Mary Trump’s Uncle Donald

I recently read Mary Trump’s account of her uncle’s family and his behavior in her Too Much and Never Enough: How My Family Created the World’s Most Dangerous Man (published by Simon & Schuster, 2020). I was curious to see what another psychologist would say about our president, one who knew him and his family from the inside out. I did not undertake this as a political cause but as one having worked for more than 40 years in the field of psychology – evaluating, diagnosing, and treating adults and children with a variety of difficulties. I’d only seen what we all see: a man prone to self-aggrandizement, bullying, business failures; a man who appears narcissistic, psychopathic, misogynist, racist, and scientifically ignorant. (Notice, please, I’m not referring to governmental policies but his character.) However, there is often a difference between one’s public image and behavior, and what transpires privately or within the family. We certainly have seen differences between the president’s words and his behaviors, and between his various claims and factual realities. I wanted to see if there was more depth to the man than is publicly presented, how much is basic character, and how much is just “playing to his base.” Are they character defects we see, or just public posturing for political gain?

Dr. Trump’s is not the first book written by a mental health professional about the president’s character. The first I knew of was A Clear and Present Danger (2016), which I read. It was followed by Trump on the Couch (2018), Rocket Man (2018), and The Dangerous Case of Donald Trump (2019). Such case studies of public figures are often criticized as violating the psychiatric “Goldwater Rule,” but this is countered by the “duty to warn” by mandated reporters.

In Mary Trump’s book, I was hoping to find some shred of humanity, something that would redeem this man’s evident defective character. Sadly, Mary Trump’s account shows little, if any, difference between the president’s private and public demeanor. In that regard, there is little new here. She describes an opportunistic, vindictive man who is focused on his own image of success at any cost, and who has been consistently bailed out of various legal and social difficulties by his father and lawyers.

It is, unfortunately, all too credible. What we see on the national stage is the predictable outgrowth of a terribly dysfunctional family. What Mary Trump gives us, however, is context and background. The only disappointing element was how it affirmed what has been so obvious to us in terms of the president’s character defects and how pervasive they are no matter the context. One might have hoped for some sign of humanity despite its absence in everything we see publicly. Cruelty seems to be a way of life for Donald Trump with image and revenge his only personal values. Truth and responsibility are alien to him. She hints at criminal mob connections, cheating on business deals, and tax fraud.

We’ve all seen his remarkable ability to inspire absolute and unquestioning devotion to his authoritarian personality. Dr. Trump’s observations and analyses extend to his enablers and followers, and why they would support a man who has no competence, no depth, no decency – a man desperate to fill his emptiness with media attention, sycophantic adoration, and revenge for those who betray him with facts or ethics.

One might charge that she herself carries a grudge because of the way her branch of the family was so badly treated, but her writing does not sound like a hatchet job. Rather, it reads almost like a clinical study as she gives account of behaviors, emotional strengths and weaknesses, intergenerational relationships, history, family dynamics, and character.
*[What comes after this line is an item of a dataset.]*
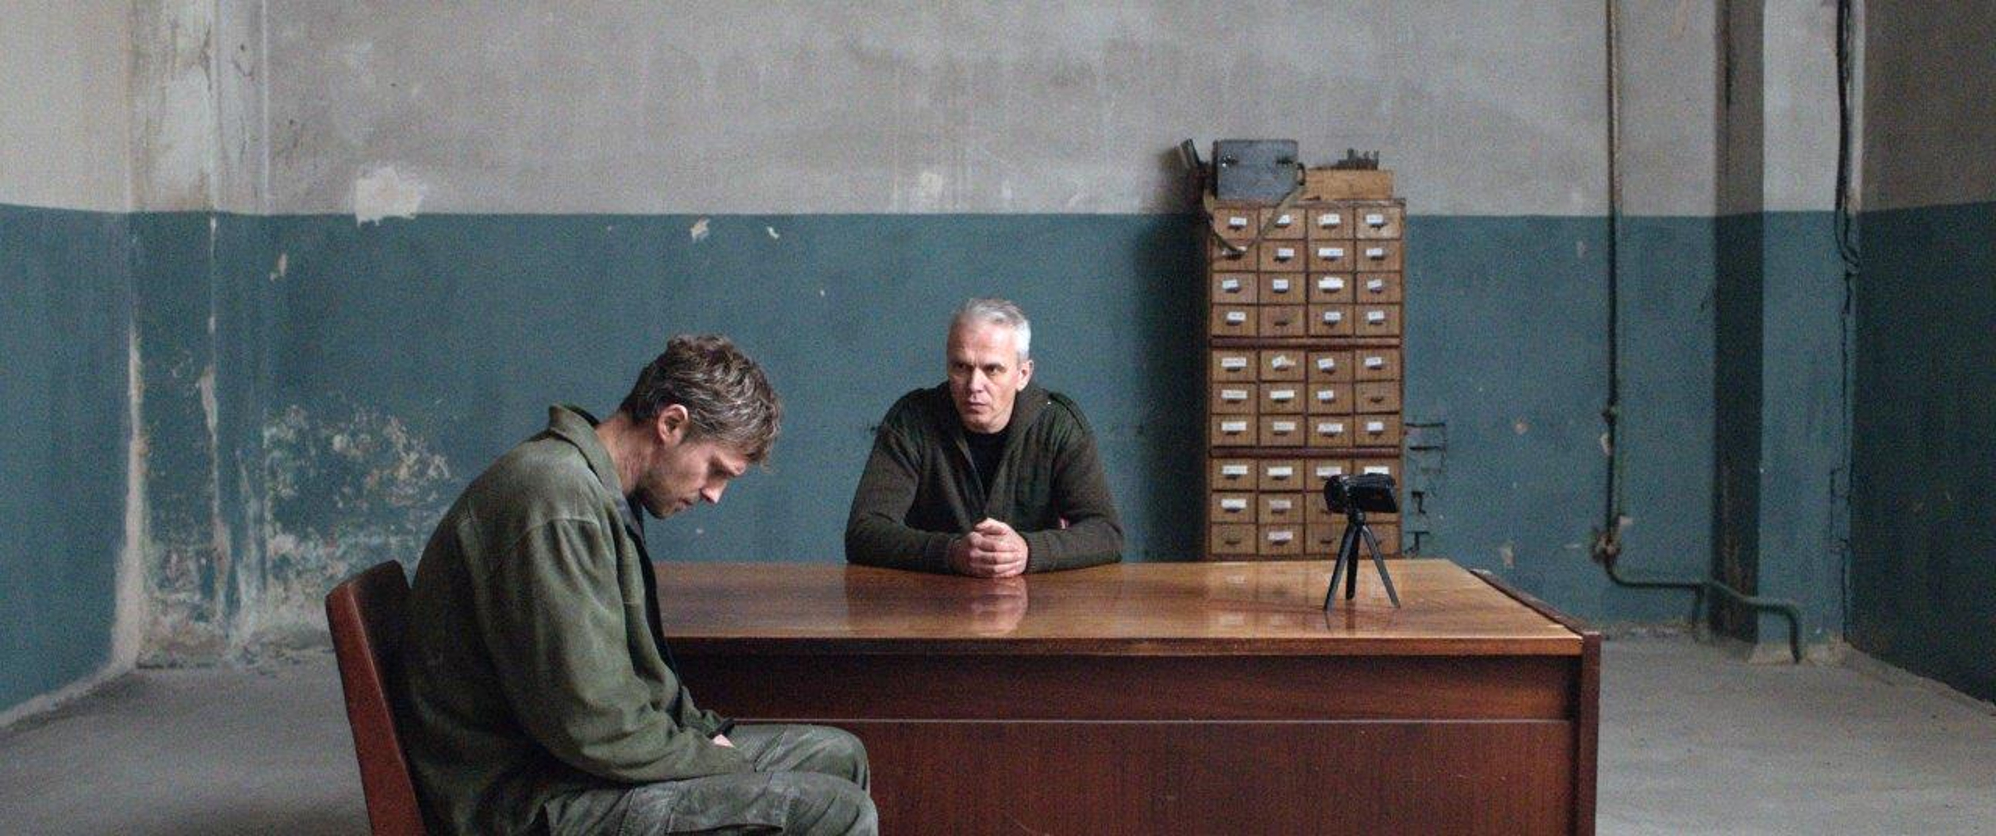 "Reflection", proiettato in solidarietà con il popolo ucraino il film di Vasjanovyč
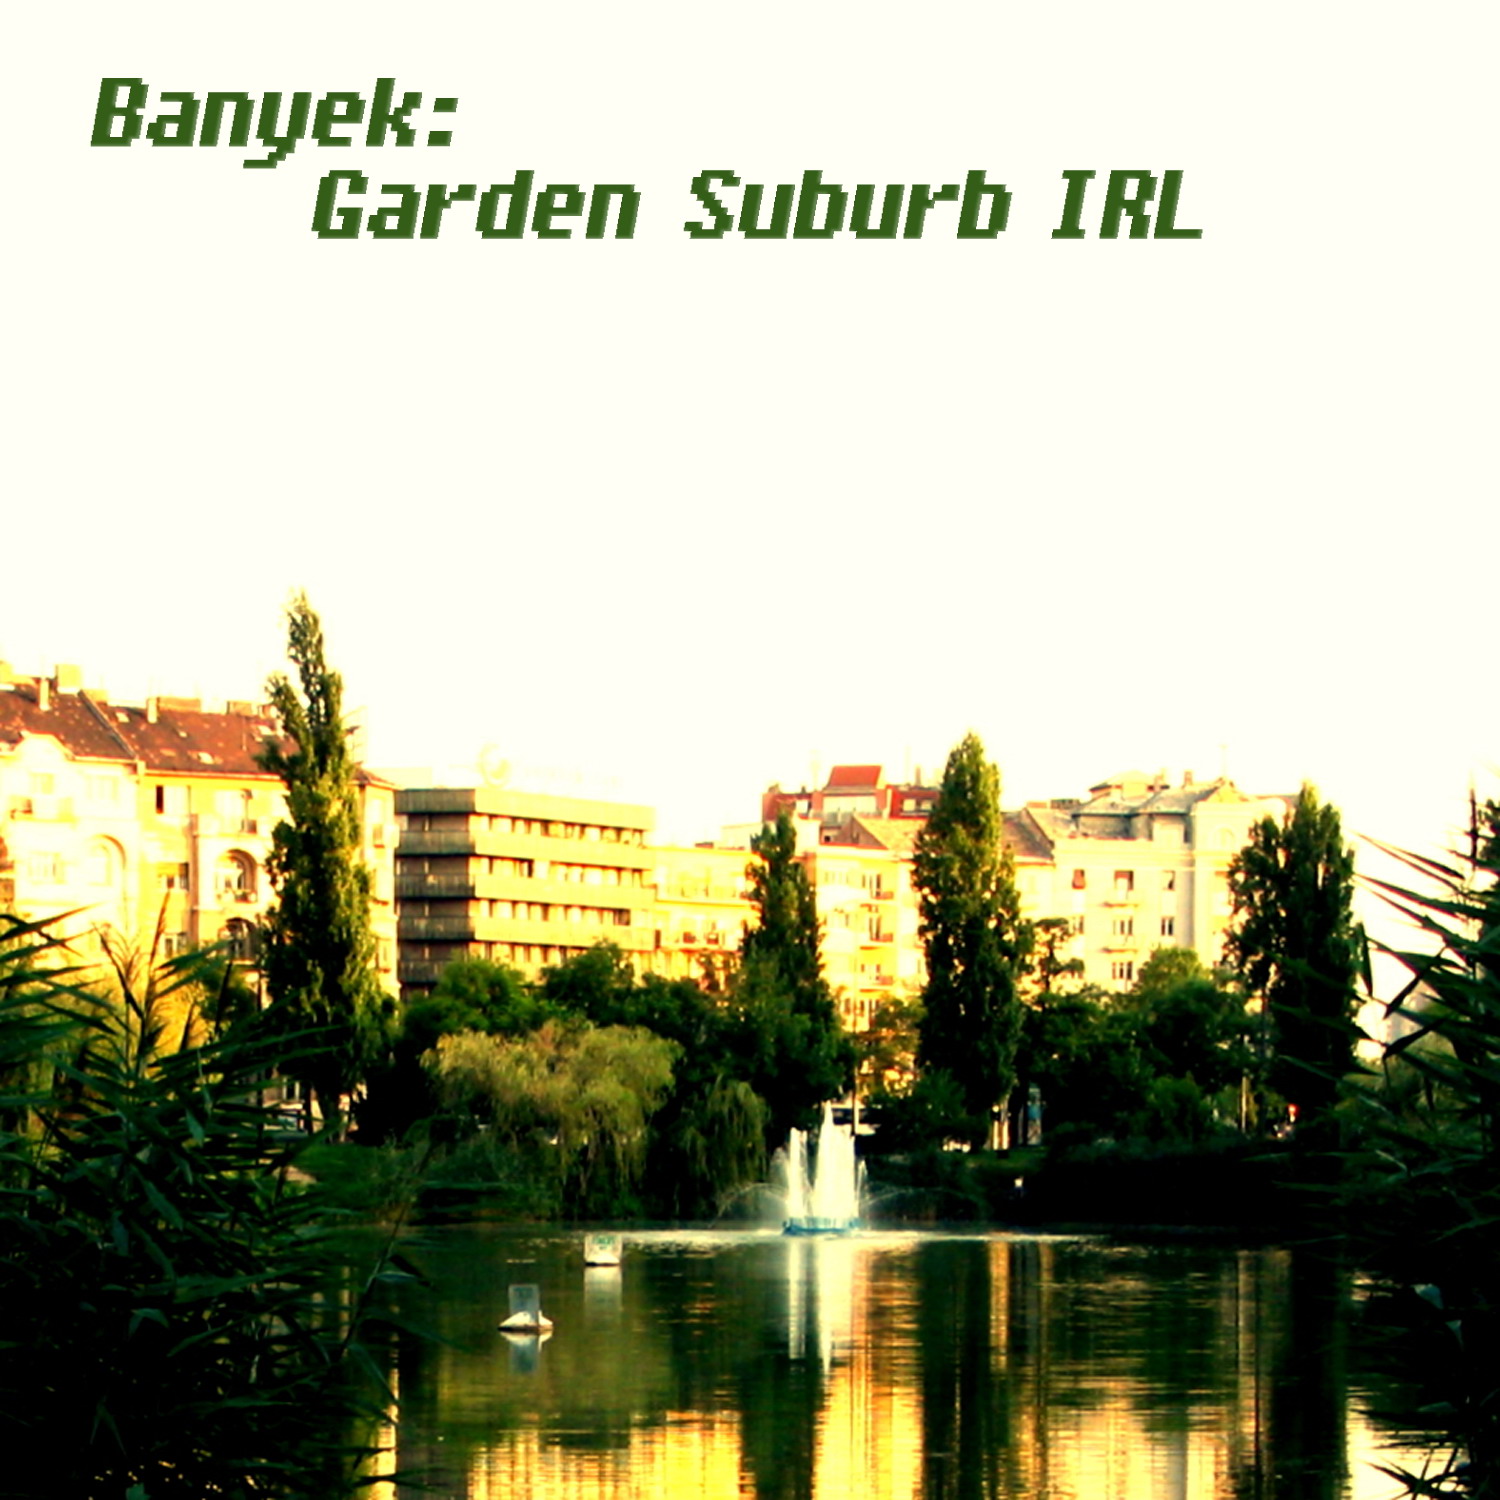 http://www.mixotic.net/mixes/010_-_Banyek_-_Garden_Suburb_IRL/cover_large.jpg

Given the politics of our day, I also read through many of the book’s reviews on Amazon’s website. I found a stark contrast between my observations and those who gave it low ratings. Some saw it as a whining diatribe, as nothing new, as boring; or attacked Dr. Trump as embittered. Some questioned how she could know some of the things she wrote about before she was born, either ignoring or failing to read how she explained researching many of those details. Apparently unhappy at what it means for someone to display such behaviors, one reviewer said it was full of psychobabble, but I found her psychological analyses to be rather restrained.

As in so many things, what we see depends on who we are (our own strengths and limitations), on what we are predisposed to seeing, and on what we hope to find.